Сама она не успела, «номер первый» выволок ее за волосы и стал орать, в ярости позабыв, что Надя его не понимает. Переводчица по ступенькам затопала ей на выручку каблучками:
— Он говорит, что вы… — она запнулась, — должны сбросить вниз тело. — Из его крика она перевела только это, относившееся, разумеется, не к одной Наде.
— А ну, свистать всех наверх! — скомандовала Валя Петренко.
Прикинули, как лучше сделать, и решили: нужна швабра — или что-то на длинной палке, чтобы, спихивая, не принять самим кровавый душ. В подсобке, в туалете, стояла как раз швабра. Если участие в субботнике и не было стопроцентным, то лишь благодаря Трушиной да Юре, оставшимся внутри. Валя бодро запевала, швабру неся на плече, как какие-нибудь грабли, или с чем еще, не считая ружья, принято маршировать:
А ну-ка, девицы, а ну, красавицы,
Пускай поет о вас страна…
— Пошел бы взглянул. Чего, со мной, со старой бабой, сидеть, — кокетливо сказала Трушина Юре, который со страху был ни жив ни мертв: следующий — точно он. Они обещали, начиная с шести, каждый час… неужели уже шесть?
Его била дрожь, мелкая, как клубничка на его сиреневой рубашке.
— Это что ж, мы с тобой одни здесь? — продолжала Трушина. Словно возражая ей, раздались остренькие шаги — оказалось, принадлежавшие переводчице. Переводчица взглянула на них издали и снова скрылась. — У, пособница, — прошептала Трушина с ненавистью. — Думает, я не знаю, кто она. Она-то, Коля, здесь главная. Она Григория Иваныча убила, понял? Ну, это не наше дело: две собаки дерутся, третья не лезь. Григорий Иваныч на всех стульях хотел сразу усидеть — жизнь таких не любит. Я девкам сказала: вы, девки, не бойтесь, мы их дел не знаем. Чего ты, Коль, дрожишь-то? Не дрожи, дурак! Тебе чего бояться — кого надо было, того уж нет.

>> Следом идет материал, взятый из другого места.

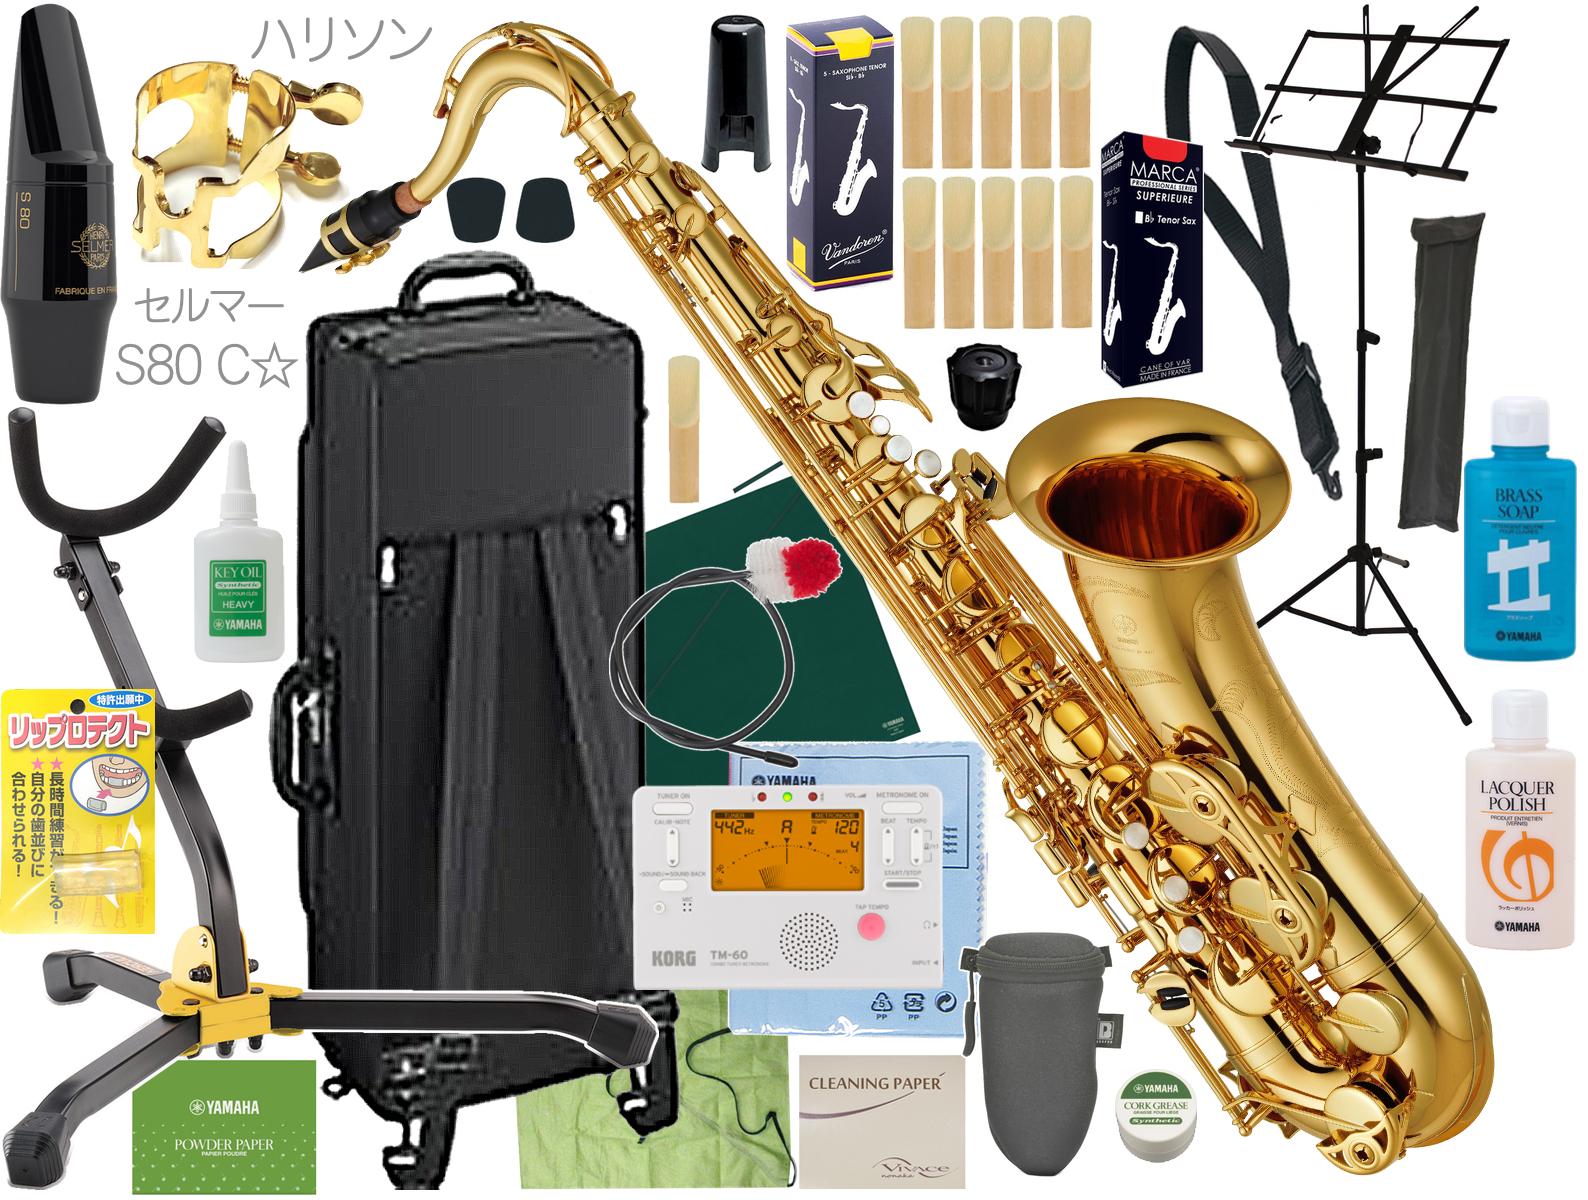 YAMAHA ( ヤマハ ) YTS-480 テナーサックス 正規品 管楽器 管体 tenor saxophone 管体 ゴールド 本体 YTS-480-01 セルマー S80 マウスピース セット 北海道 沖縄 離島不可

Сейчас девочки там приберутся, и, Бог даст, в кружок станем.
В иное время, в иных чувствах пребывая, Юра, может, и вынес бы чего из тети-Дусиных разговоров. Но не теперь, когда всё — и когда это «всё» ему заслонило всё. Зрачки его души уже оставались неподвижными. Тетя Дуся чего только не делала — и прижала к себе его безвольное маленькое существо, и топила его голову на груди своей. Бесполезно. Юра впадал в полудрему, страх разливался сном. Ему грезился Бог. Это была самая безбожная картина в мире — лучше скажем, это была даже не картина, а соблазн — ее себе представить.